= Richie Fitzpatrick =

American mobster

Richard Fitzpatrick (1871 - November 1, 1904) was a top gunman in the Monk Eastman gang in New York City. He had defected from the Five Points Gang in the early 1900s; he was active during the late 1890s until his murder in 1904.

Fitzpatrick had joined the Five Points Gang under Paul Kelly (born Paolo Antonio Vaccarelli) in the late 1890s. During the Kelly-Eastman gang war in 1903, Fitzpatrick defected to the Eastman Gang, along with "Kid Twist" Max Zwerbach; they both became top lieutenants.
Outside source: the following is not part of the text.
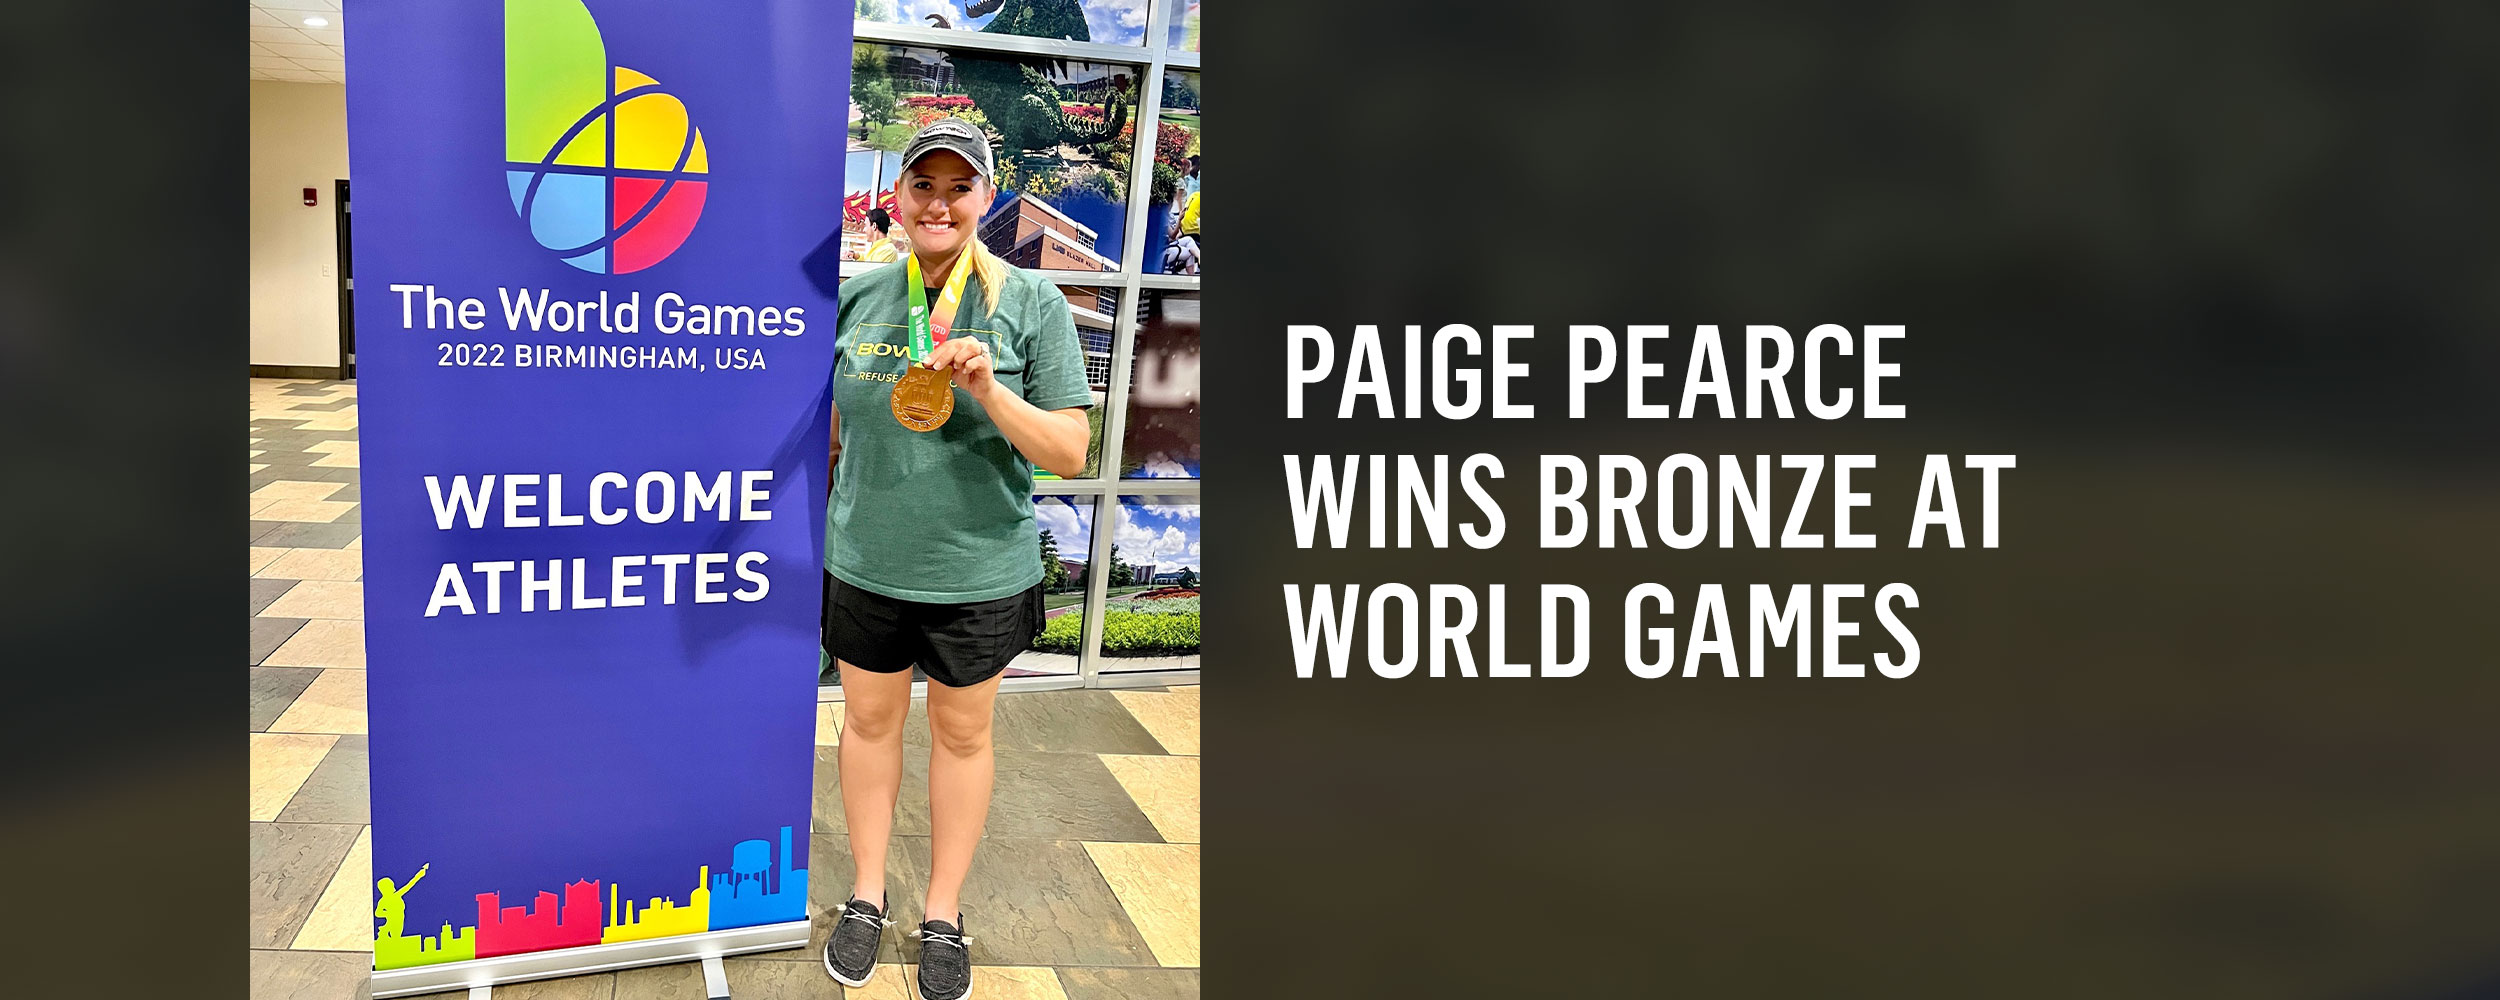 Paige Pearce win bronze at World Games

After Monk Eastman was arrested and imprisoned in 1904, Fitzpatrick and Zwerbach began fighting over leadership of the Eastman gang, eventually splitting the gang into separate factions.

On November 1, 1904, while attending a peace conference at a Sheriff Street saloon in the New York Chrystie Street neighborhood, Fitzpatrick was shot to death before the peace talks began. His killer was suspected of being Harris Dahl, aka Kid Dahl, friend of arch-rival Kid Twist. Several weeks later, "Kid Twist" lieutenant Vach "Cyclone Louie" Lewis led an attack that resulted in the murders of the remainder of the Fitzpatrick faction.

==Popular culture==
Fitzpatrick was said to use a strategy of ambushing opponents by setting up meetings and claiming to be ready to turn against his leader. After being searched, he would excuse himself to use the restroom, where he had stashed a gun. Returning to the main room, he would kill his opponent. Such a tactic was used by Al Pacino's character Michael Corleone in The Godfather.